# World Record Tile Fish Caught on Jil Carrie



## catman (May 28, 2001)

Man there growing them big off of Va Beach. Can't wait for my trip on May 5th.

Details on new IGFA World Record and new VA State Record Blueline Tilefish:

Date Caught: 3/10/07
Overall Length: 35"
Fork Length: 33 1/4"
Girth: 20.5"
Weight: 18 pounds 10 ounces
Bait: Squid
Rod: Penn
Reel: Shimano Torium 30
Line: Power Pro 50#
Angler: Mr. Doug Deese
Hometown: Hampton, VA
Telephone Contact: (757) 826-4171

This fish was caught aboard the charter fishing vessel Jil Carrie with Capt. Jim Brincefield at the helm.

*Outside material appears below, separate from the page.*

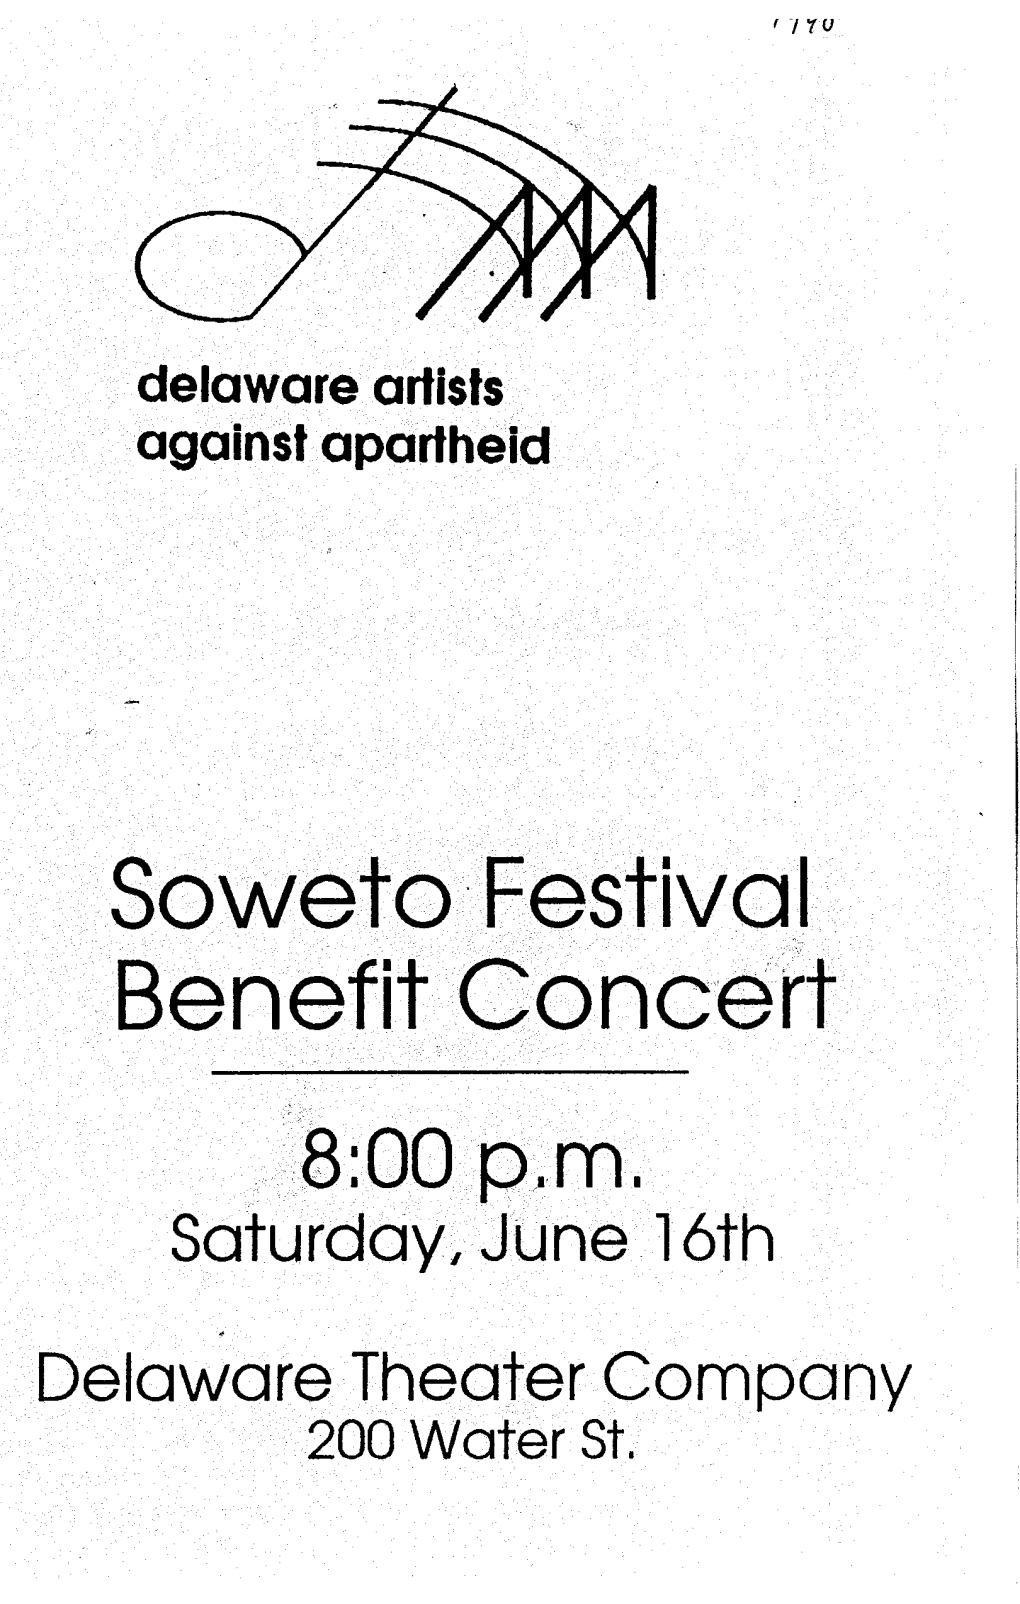 Saturdayi June 16Th Delaware Theater Company

Boat departed the wharf at Long Bay Pointe Bait & Tackle, Lynnhaven, Virginia Beach, VA for offshore wreck fishing.

Congrats to Capt Jim and the lucky angler Doug Deese.

George


----------



## catman (May 28, 2001)

*Photo Of World Record Tile Fish*


----------



## hengstthomas (Mar 11, 2006)

NICE fish...Thanks for the report ! I cant wait either


----------



## catman (May 28, 2001)

hengstthomas said:


> NICE fish...Thanks for the report ! I cant wait either


At least it'll be nice to know that another potential record could be in the waters we'll be fishing.


----------



## RuddeDogg (Mar 20, 2004)

*Awesome*

Congrats on the catch. :beer: :beer: :beer: :beer:


----------